Images of glassy-winged sharpshooter. A. Top view of adult glassy-winged sharpshooter. B. Side view of adult glassy-winged sharpshooter. C. Top view of young nymph glassy-winged sharpshooter. D. Side view of late-stage glassy-winged sharpshooter (photos by K.T. Lund, UCCE.)

 

Vector Monitoring and Treatment

Monitoring for glassy-winged sharpshooters can be done using yellow sticky cards. It is recommended to use cards that are at least 5.5” x 9” in size. One card should be placed for every 10 acres and checked weekly for recent activity. Monitoring should be done from budbreak through November. If a glassy-winged sharpshooter is found, and you are outside of a known population center, please contact your local agriculture commissioner’s office or cooperative extension office. Green and red-headed sharpshooters are not attracted to yellow sticky cards, so to monitor their populations you will need to use a sweep net. Sweep lush green grasses near and within your vineyard in April and May to assess population size.

For both green and red-headed sharpshooters, finding two adults in 50 sweeps warrants a response. Unfortunately, as both sharpshooters are only incidentally on grapevines, treating the grapevines will not help the situation. The preferred habitat (lush grassy areas) will need to be addressed. Due to the overlapping generations seen in these sharpshooters, insecticide treatments are often ineffective. Removal of preferred habitat is a more effective treatment option for these sharpshooters.

For glassy-winged sharpshooters, a single find warrants a response. A list of treatment options for glassy-winged sharpshooters can be found on the UC IPM webpage at ipm.ucanr.edu/PMG/r302301711.html. The most common insecticides used for glassy-winged sharpshooter control contain the active ingredient imidacloprid. As with all chemical control, it is important to rotate active ingredients regularly.

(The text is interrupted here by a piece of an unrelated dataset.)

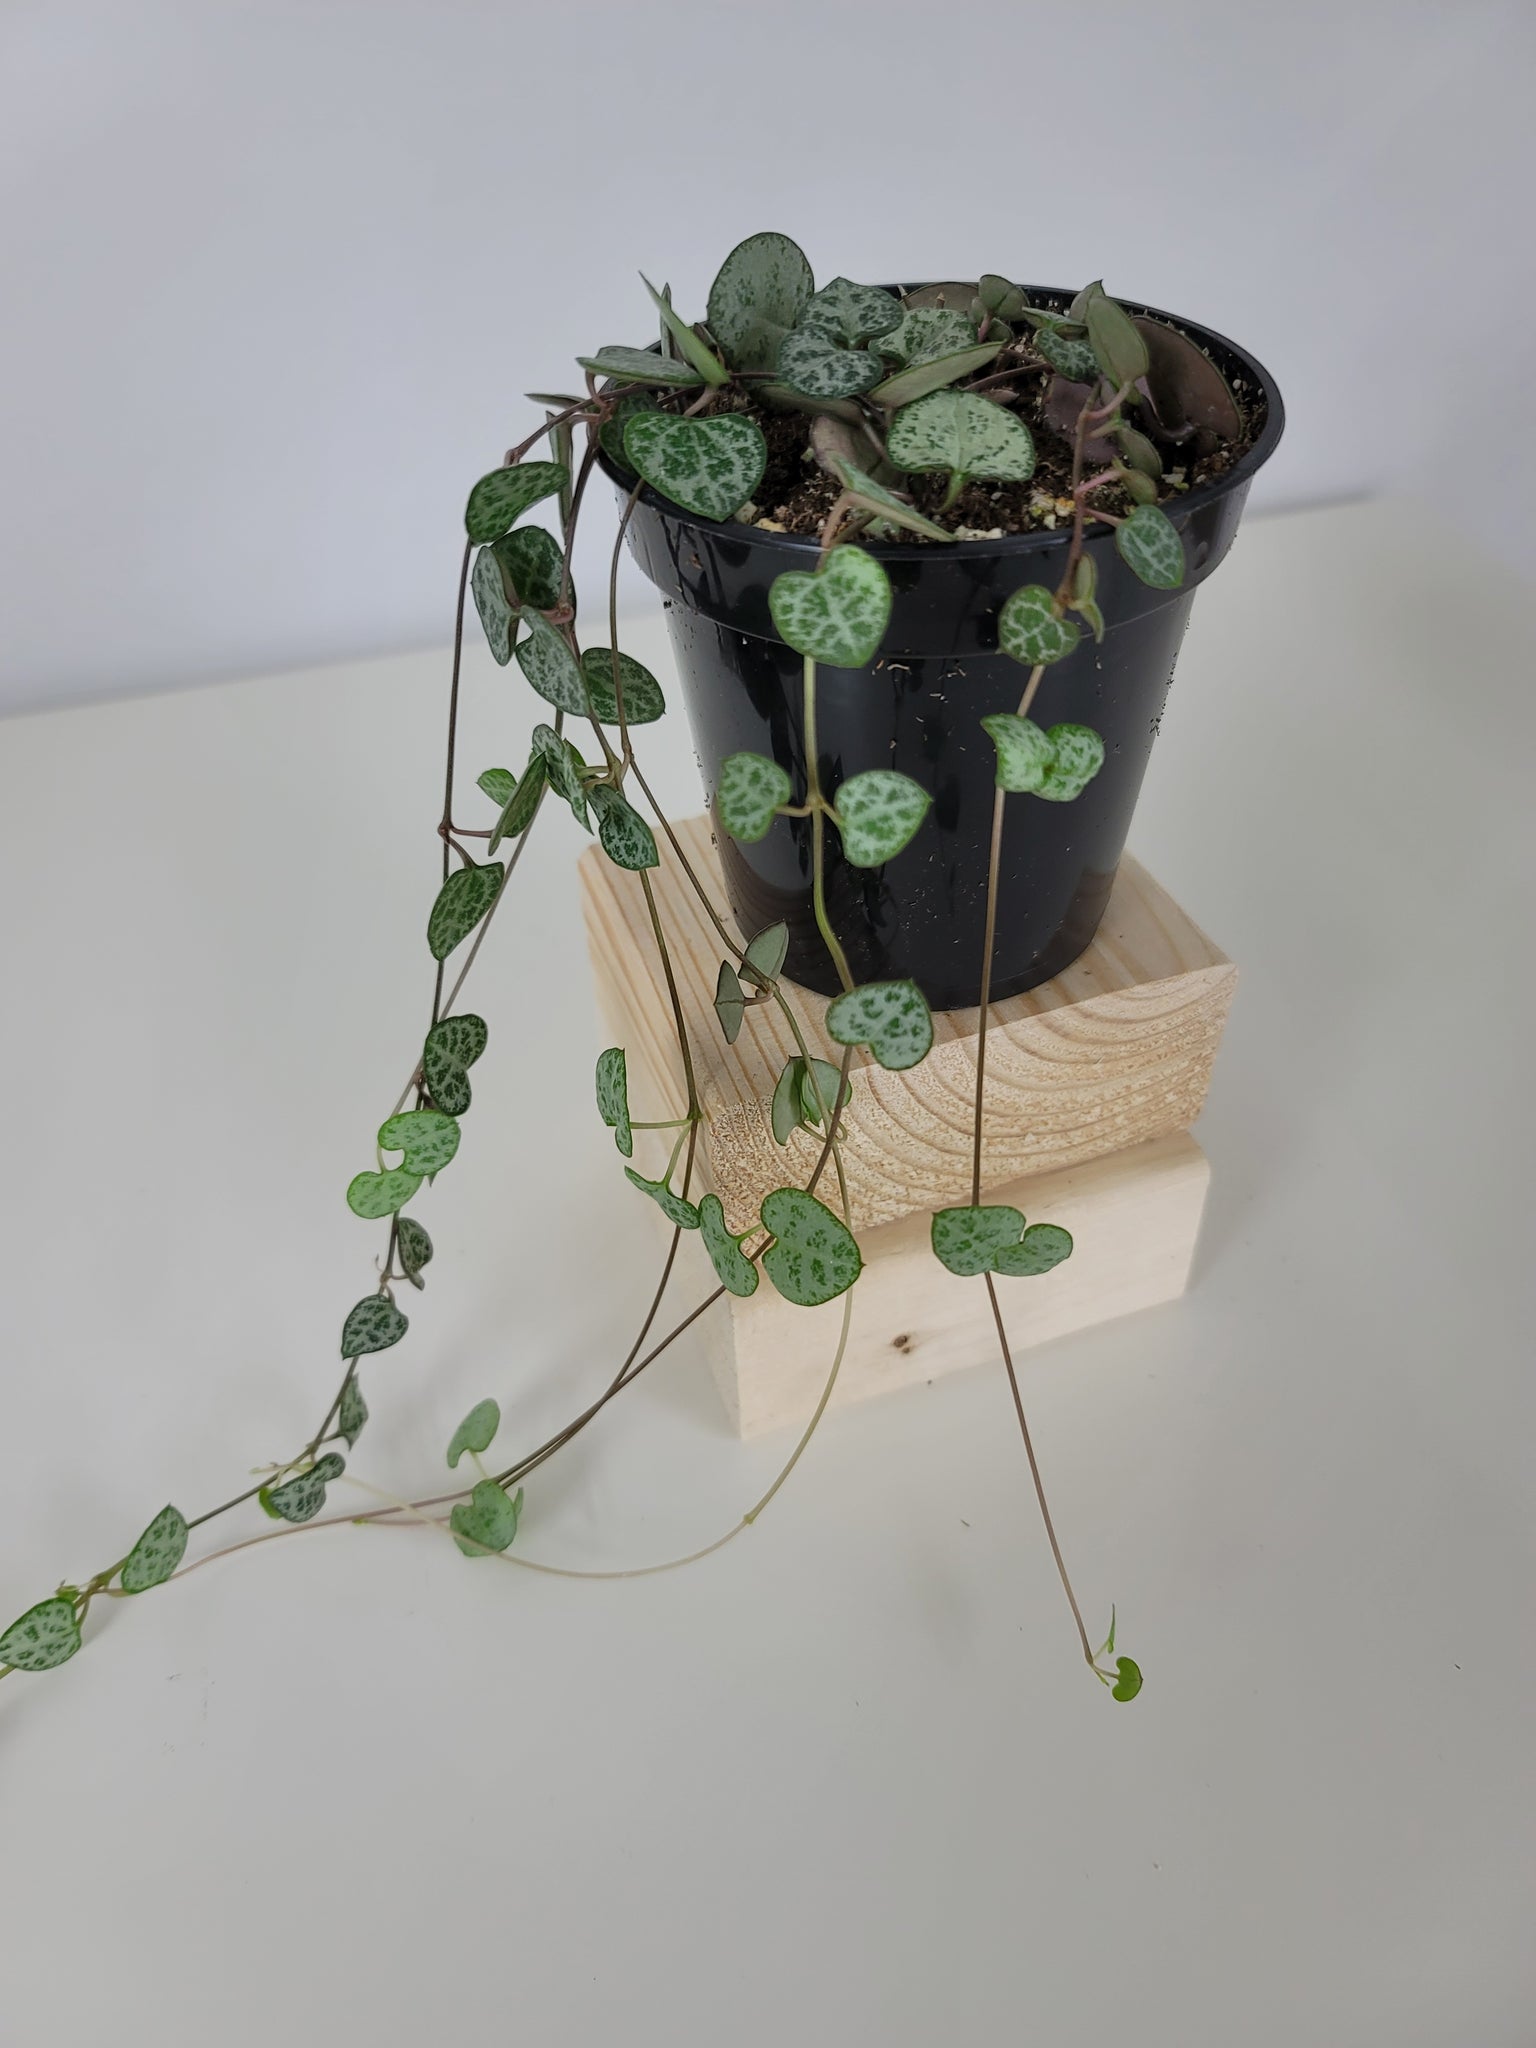 Ceropegia Woodii - String of Hearts

Research conducted in 2017 showed that several other insecticides had long-term control of glassy-wing sharpshooters. These included Sivanto (a.i. Flupyradifurone) and Assail (a.i. Acetamiprid), which still showed greater than 90% mortality 7 weeks after application; Actara (a.i. Thiamethoxam), which still showed greater than 90% mortality 5 weeks after application; Harvanta (a.i. Cyclaniliprole), which still showed greater than 90% mortality 4 weeks after application; and Sequoia (a.i. Sulfoxaflor), which still showed greater than 90% mortality 3 weeks after application (Haviland and Rill 2019). This research was conducted in citrus because relying on vineyard-only management is not enough for glassy-winged sharpshooters. With the larger range of the glassy-winged sharpshooter, it is important to focus on an area-wide approach. A pilot program with cooperation between grape and citrus growers has shown great promise in Kern county. Citrus groves are a primary overwintering spot for glassy-winged sharpshooters. When treatments can be applied to these locations, it can lower the number of glassy-winged sharpshooters and, thus, the presence of PD in the area.

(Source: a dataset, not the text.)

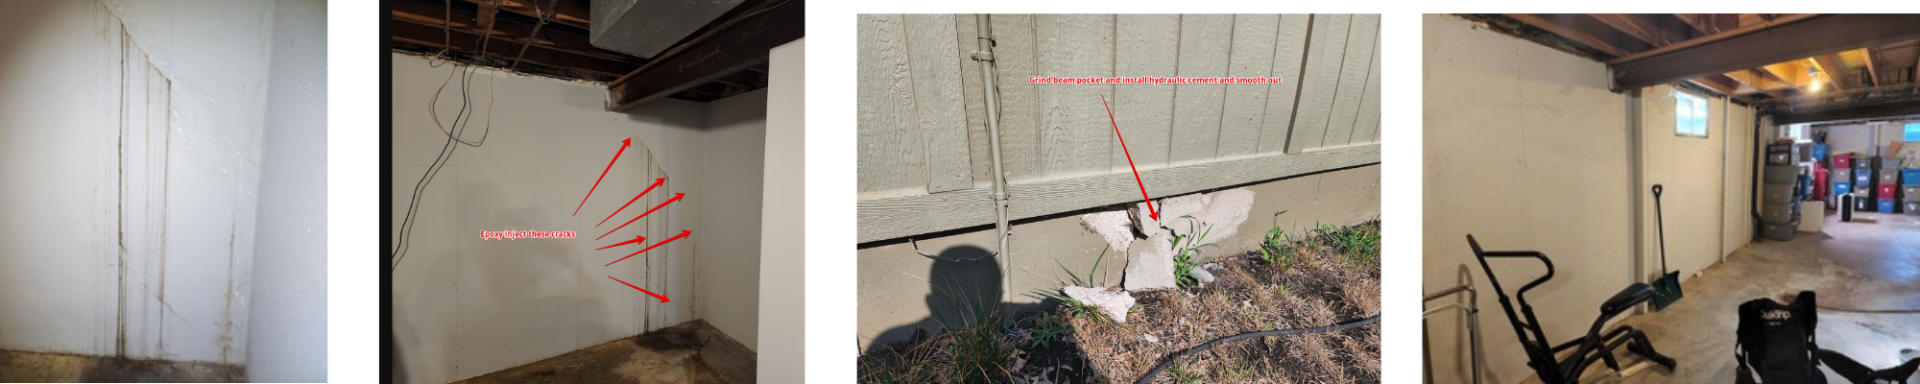 4 side-by-side photos of wall cracks both interior and exterior

Pierce’s disease symptom on shoots. Patchy bark maturation on current year’s shoots leaving green islands (photo by K.T. Lund, UCCE.)

 

Vine Infections

Early identification of infected vines is the final step in preventing a larger problem from Pierce’s disease. Infected vines can be a source of the disease for vectors to spread to neighboring vines. They are also a strong indicator that the bacteria and a vector are present in your location.

The leaves of infected vines will turn yellow (for green varieties) or red (for red varieties) along the margins. This discoloration will then work inwards from the margin, with the discoloration quickly turning to brown/dried dead tissue. This often happens unevenly or in sections. Shoot tissue also shows an uneven maturation process, leaving green islands within lignified brown tissue.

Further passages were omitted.